Em síntese, a política de Chávez e do bloco da ALBA não foi organizar medidas efetivas no continente, chamar a mobilizar em toda América Latina, organizar o boicote econômico ao governo golpista e denunciar que a política imperialista fortaleça a Micheletti e ã direita continental, legitimando futuras tentativas de destituir governos quando vêem ameaçando seus interesses. Pelo contrário, sua política foi gerar expectativas em que o governo de Obama pode significar uma mudança favorável para a região no lugar de denunciar que, para além de mudanças formais, Obama defende os interesses do imperialismo noteramericano e que é necessário desenvolver a mobilização antiimperialista e em solidariedade com a luta do povo hondurenho em todos os países da América Latina, começando pela organização de um boicote efetivo aos golpistas na América Central.
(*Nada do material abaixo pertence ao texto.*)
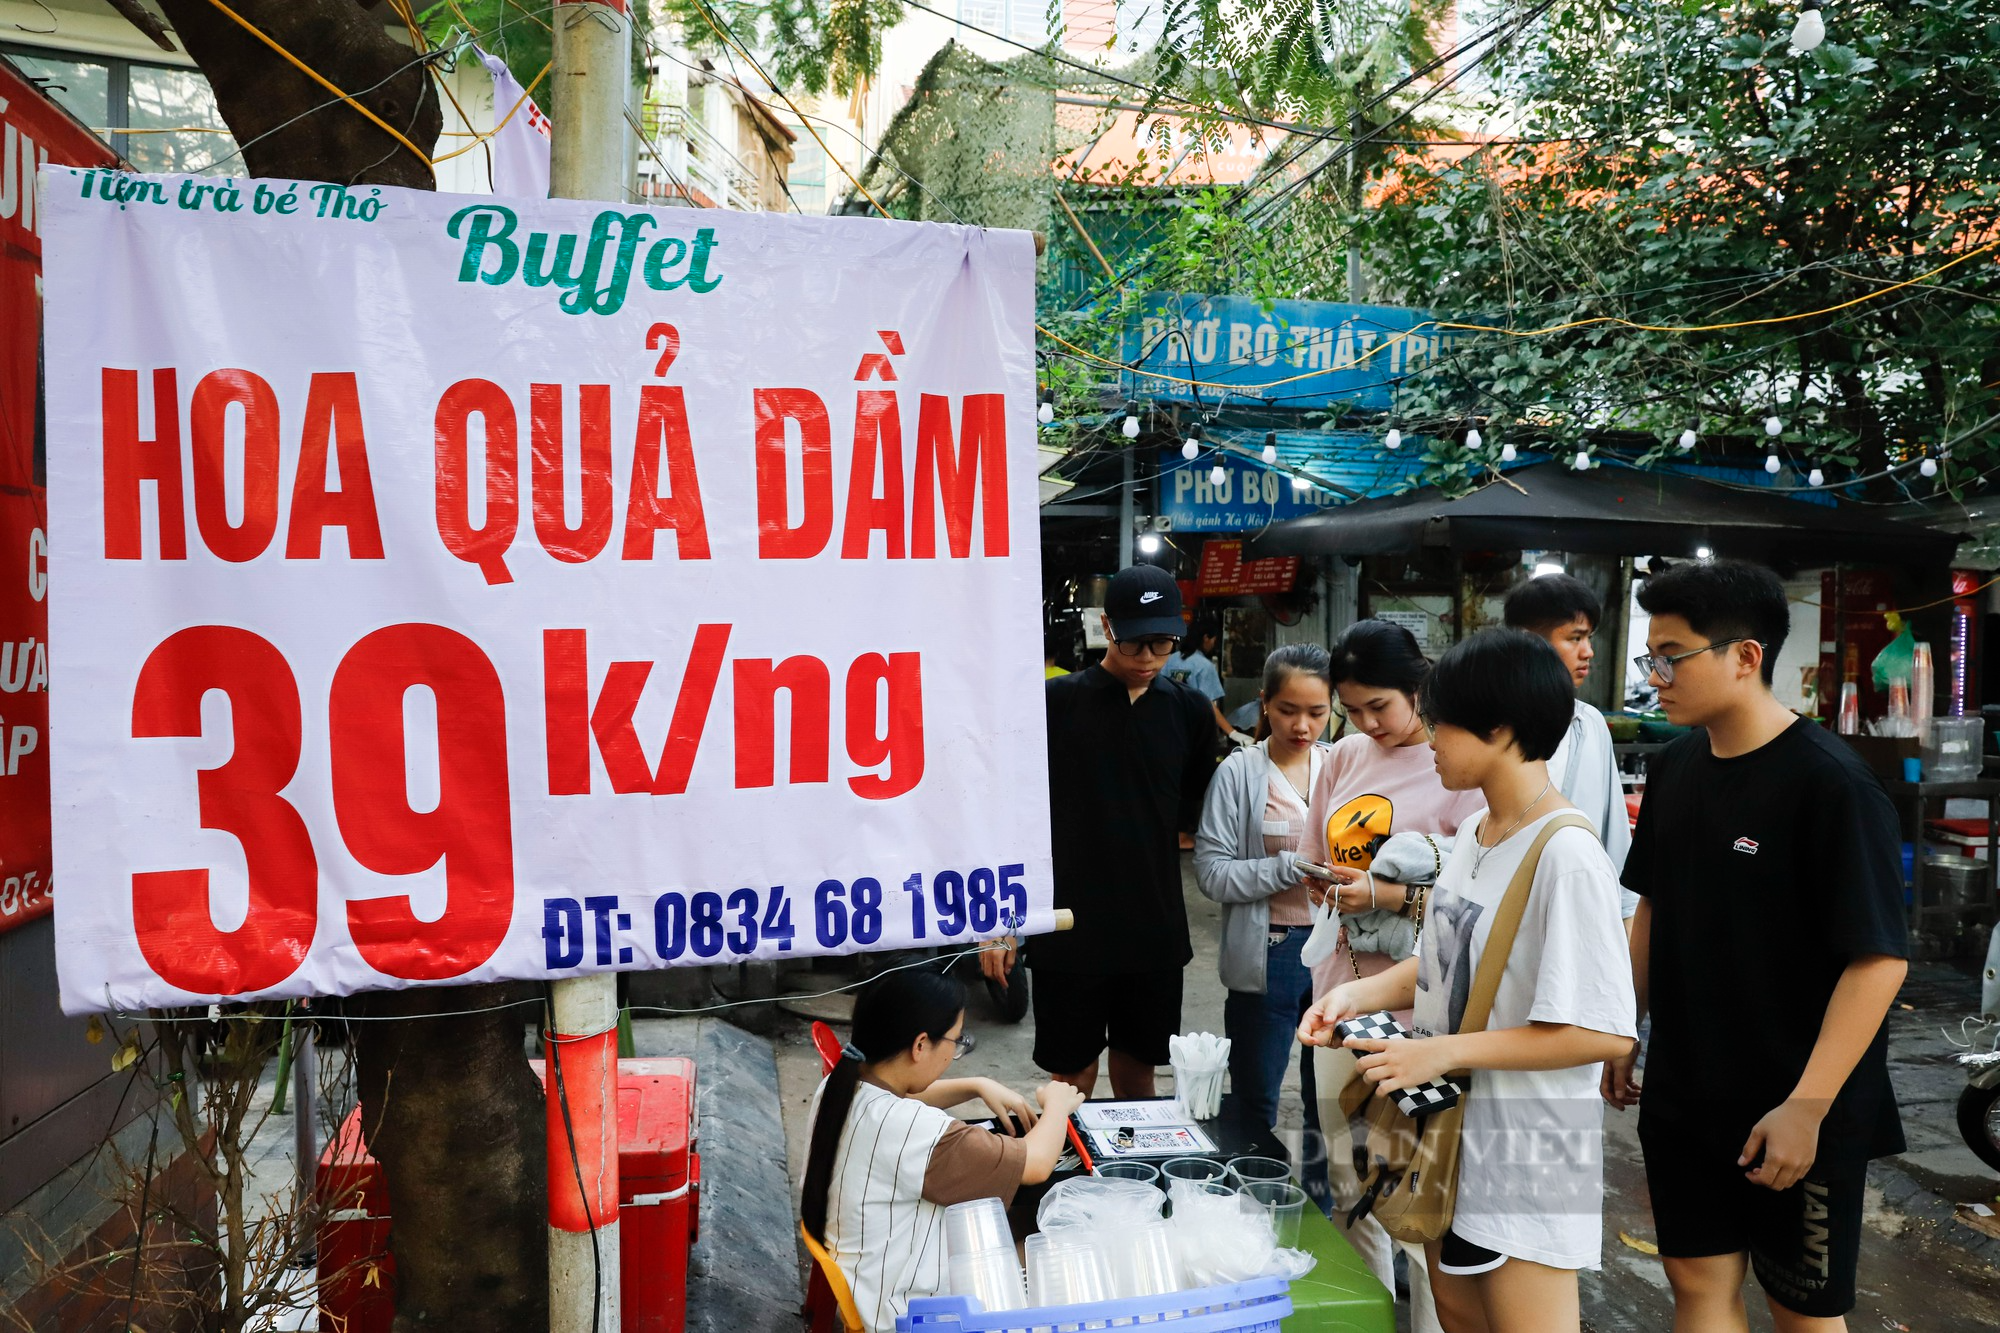 Buffet hoa quả giá siêu rẻ đổ bộ Hà Nội, nhân viên mỏi tay gọt hàng trăm kg/ngày - Ảnh 1.

Mobilização independente para derrotar aos golpistas
A política de Zelaya tem sido a de confiar em uma saída negociada auspiciada pelo imperialismo norteamericano, o mesmo que mantém Honduras submetida a uma relação praticamente colonial e que tem usado seu território e suas relações com militares e empresários para levar adiante suas políticas contra-revolucioná rias, como o ataque ã revolução nicaragüense na década de 1980, e onde ainda hoje conserva a base militar de Soto Cano. Esta estratégia está condenada ao fracasso e só permite que a direita se engrandeça. A importante experiência que estão fazendo os trabalhadores e os setores populares hondurenhos que estão enfrentando o golpe deixa ás claras que a única perspectiva realista para derrotar o golpe é repudiar toda negociação com os golpistas e aprofundar a mobilização dos trabalhadores, dos camponeses, dos estudantes e dos explorados e oprimidos de Honduras, generalizar os piquetes e os fechamentos de estradas, organizar uma verdadeira greve geral indefinida e preparar a auto-defesa para resistir ã repressão das forças armadas. A Frente Nacional de Resistência contra o Golpe segue defendendo entre suas demandas a realização de uma Assembléia Constituinte. Só aprofundando o caminho da mobilização independente será possível impor uma Assembléia Constituinte revolucionária que coloque em discussão a organização do país, a ruptura de sua subordinação ao imperialismo e que permita desenvolver a luta por um governo operário e camponês baseado em organismos de autodeterminação de massas.